Combined, these trends should present a compelling narrative when comparing male vs. female top performers. Ideally, professional networks should maintain a similar breadth, depth, and quality for employees assigned to the same succession plan. In the case of D&I, identifying differences is a powerful starting point in designing programs that help female leaders develop. Moreover, the graphs serve as a quality check for existing programs.

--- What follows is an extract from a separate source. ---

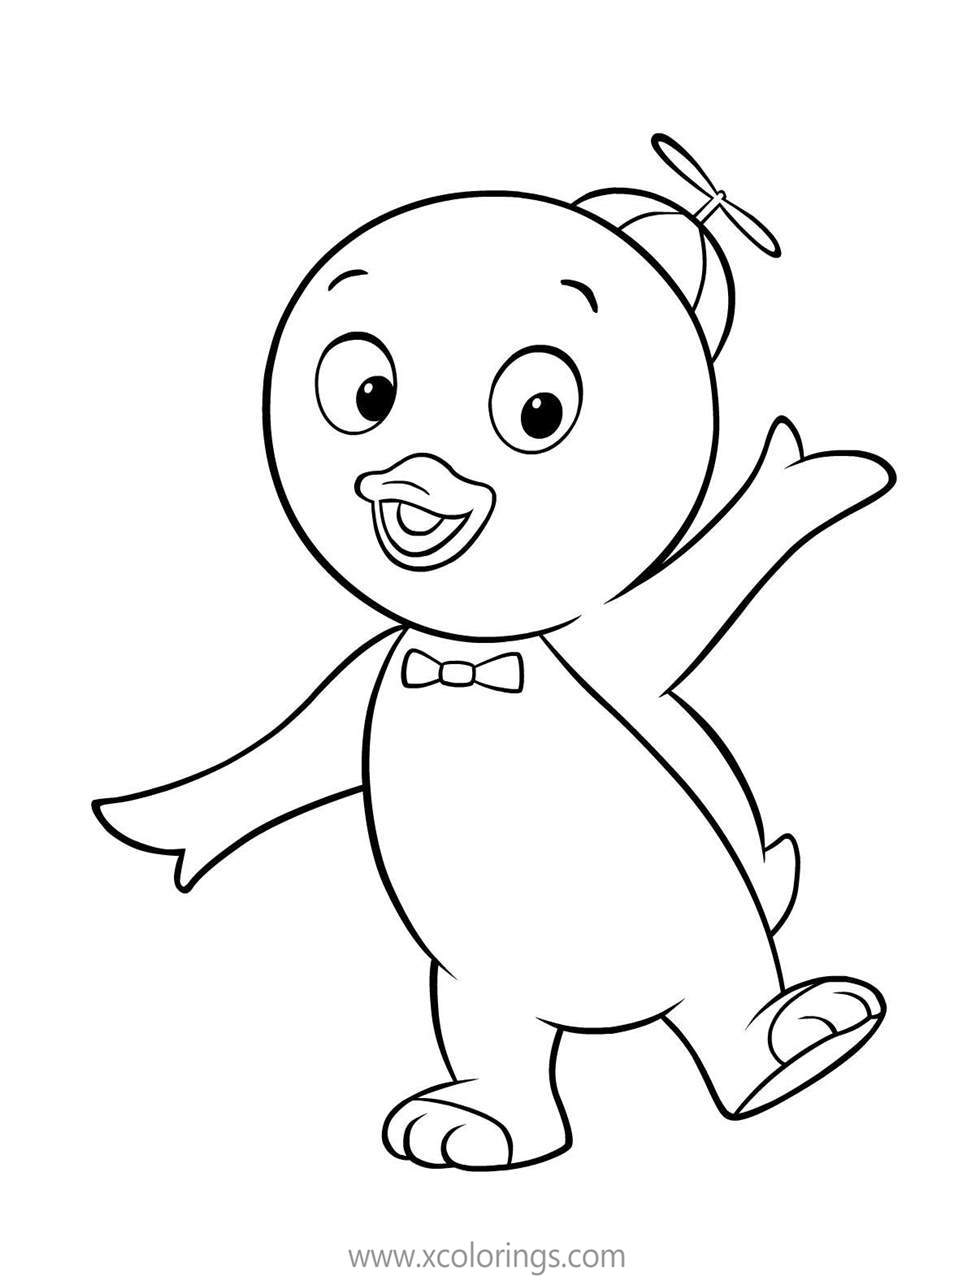 Free Backyardigans Coloring Pages Pablo the Penguin printable
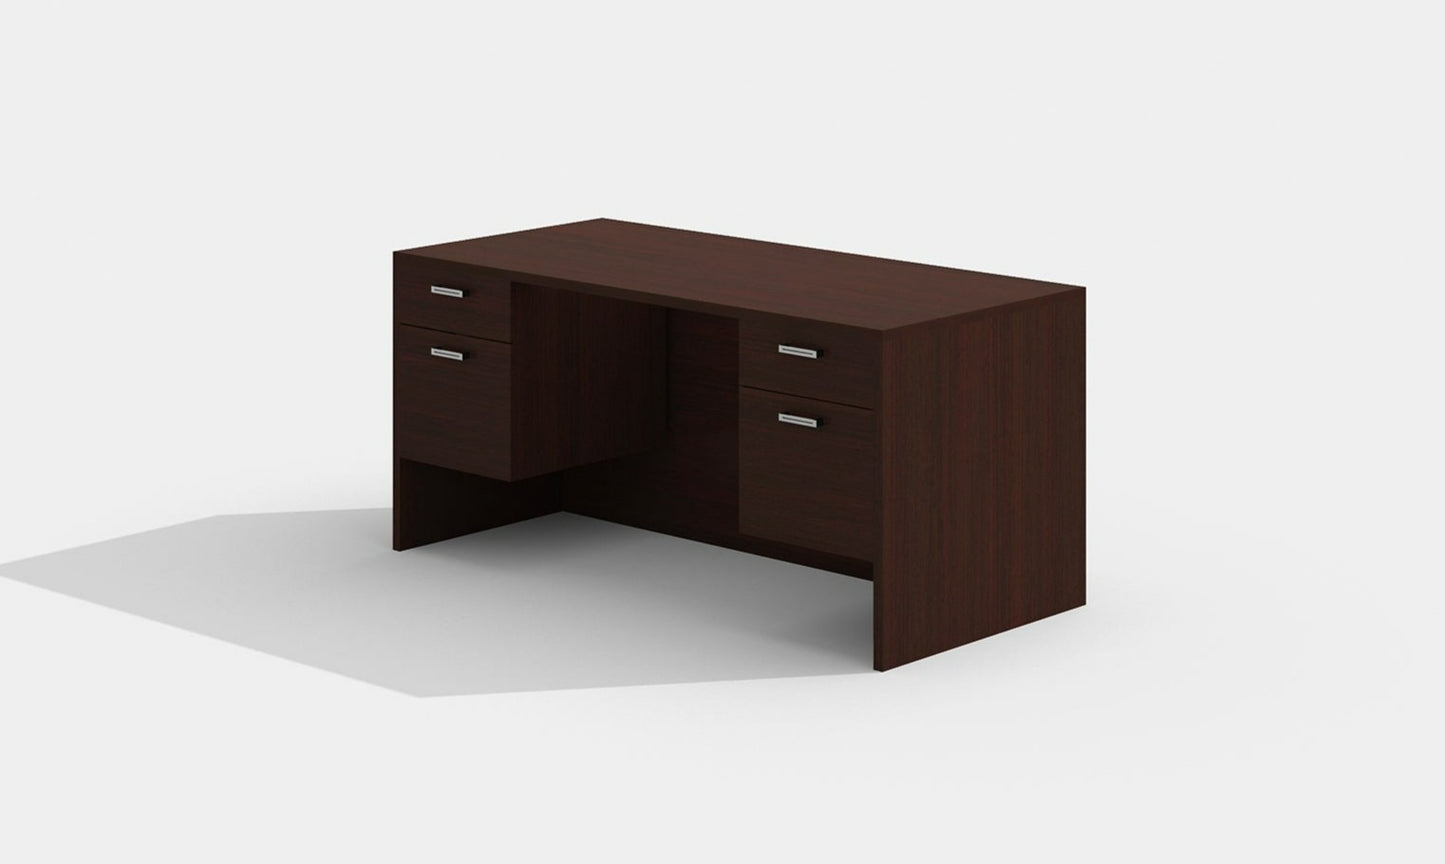 Amber Executive Office Desk w/ Double Suspended Storage by Cherryman Industries

Final Step: Recommendations

Once you’ve completed the Gephi analysis, the process for developing recommendations is relatively straightforward. Specifically, the objective is to identify network elements that are present in top performers, but comparatively weak or non-existent among female D&I talent pools. In this way, People Teams can design interventions that help employees break into key networks. As discussed, the presence of a robust internal and external network is a leading indicator of development. Therefore, the goal is to identity those principle influencers (Nodes), alongside the key communication clusters (Edges) that drive operations. This should include both external networks such as LinkedIn and Google Scholar, alongside internal platforms. Once complete, HR Professionals can determine which barriers exist that are limiting the quality of D&I networks. Examples include barriers to entry (i.e. lack of a mentor), missing skills, the need for a critical assignment, and/or misaligned company polices. Ultimately, the more D&I networks are calibrated against top performers, the easier it will be for employees to grow. Lastly, the visualization is both powerful and intuitive, making it easier for executives to buy-in.

Network analysis is a great leading indicator of D&I progress, which can be balanced against lagging indicators such as succession planning strength and high potential selection. Taken together, People Teams can use this information to form a comprehensive view of development. In this article, female opportunities were emphasized. However, the same approach can be used to evaluate minority leaders and employees with disabilities.